Supplied material
----

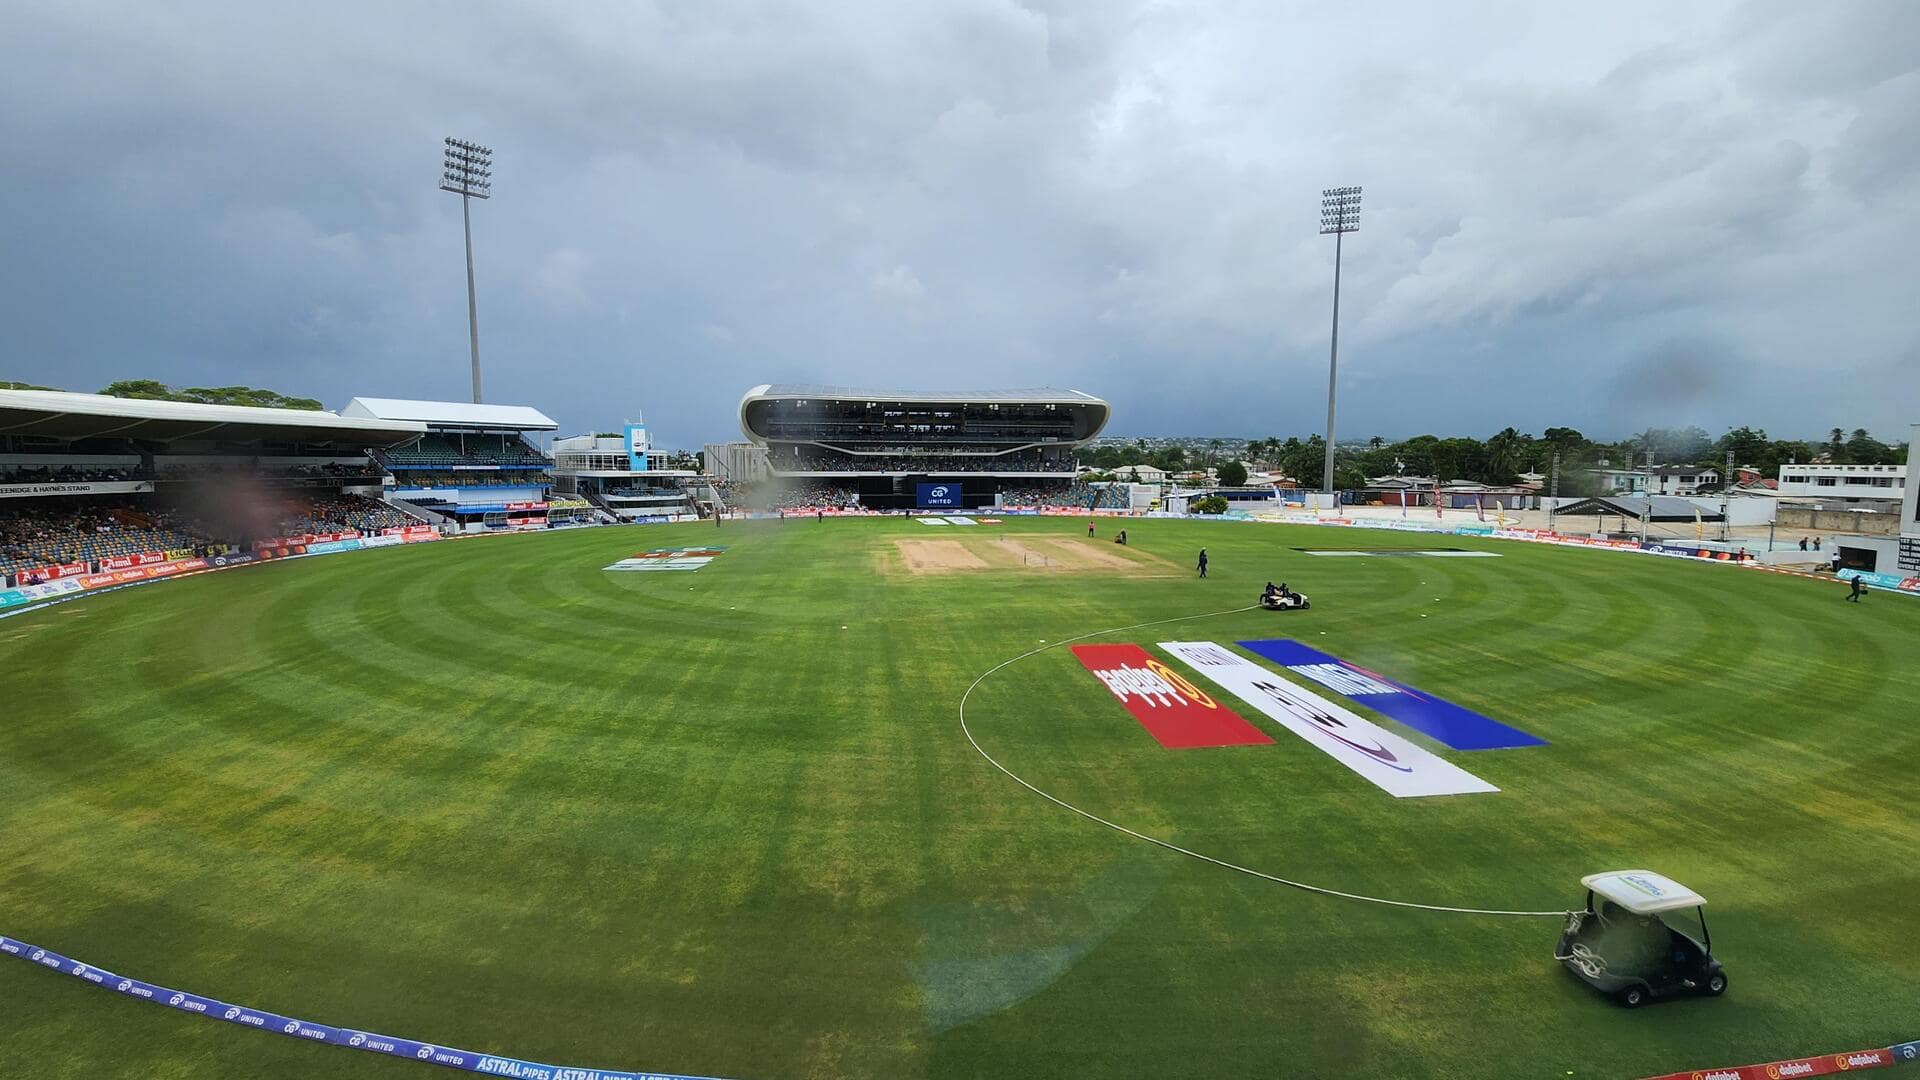 वेस्टइंडीज बनाम भारत: पहले टी-20 मैच की पिच रिपोर्ट और क्वींस पार्क ओवल के आंकड़े 
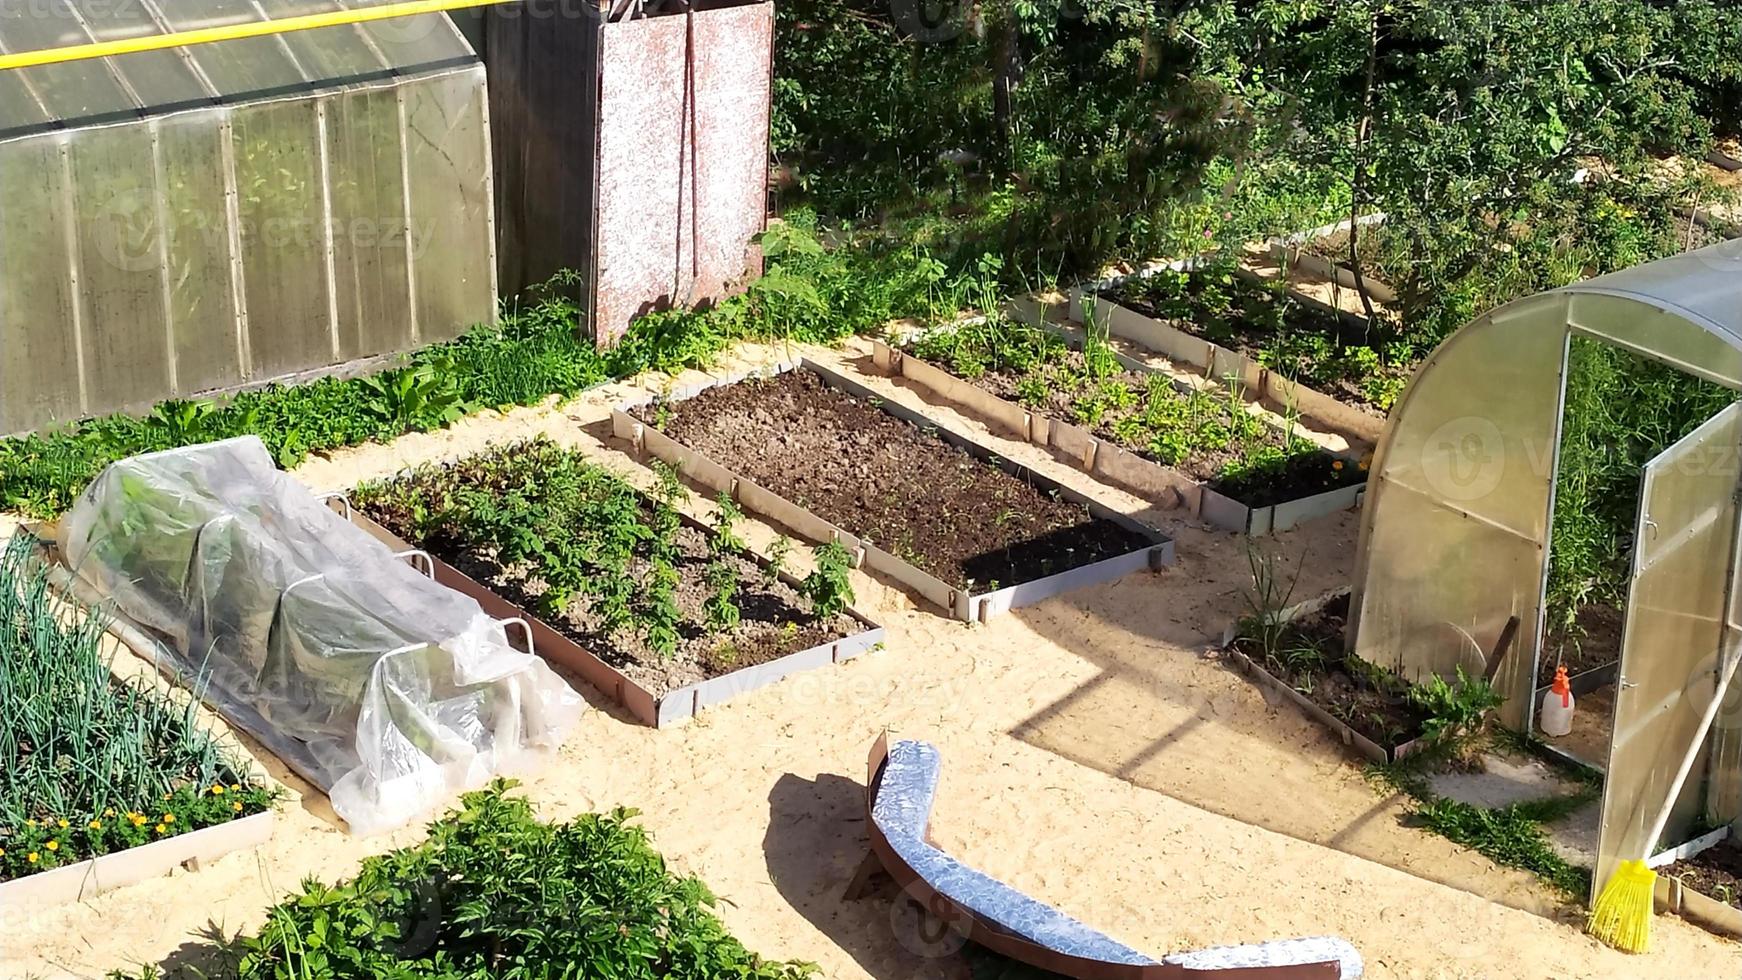 jardins com vegetais em sua casa de verão. plantações de vegetais foto
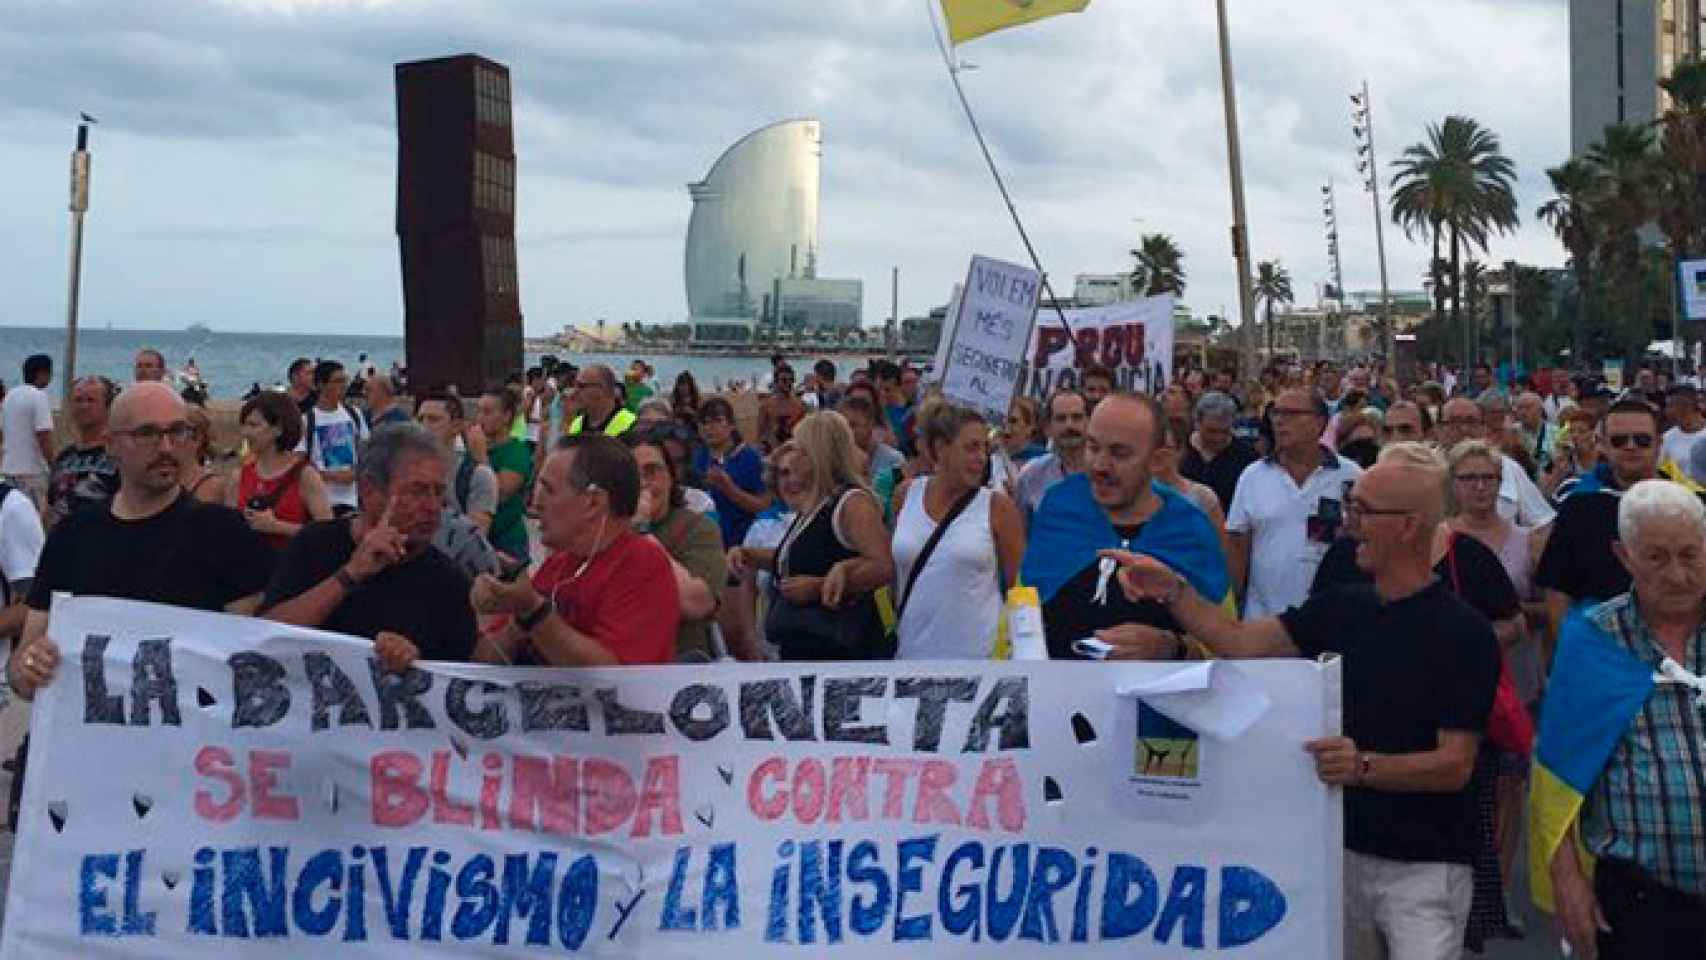 Manifestación de vecinos de La Barceloneta / CG

----

Exercise aim
Only the lines from the one with "jardins com vegetais" to the last line of the listing, inclusive, are to be set down, exactly as they stand and without pictures.

Completed exercise
 jardins com vegetais em sua casa de verão. plantações de vegetais foto
 Manifestación de vecinos de La Barceloneta / CG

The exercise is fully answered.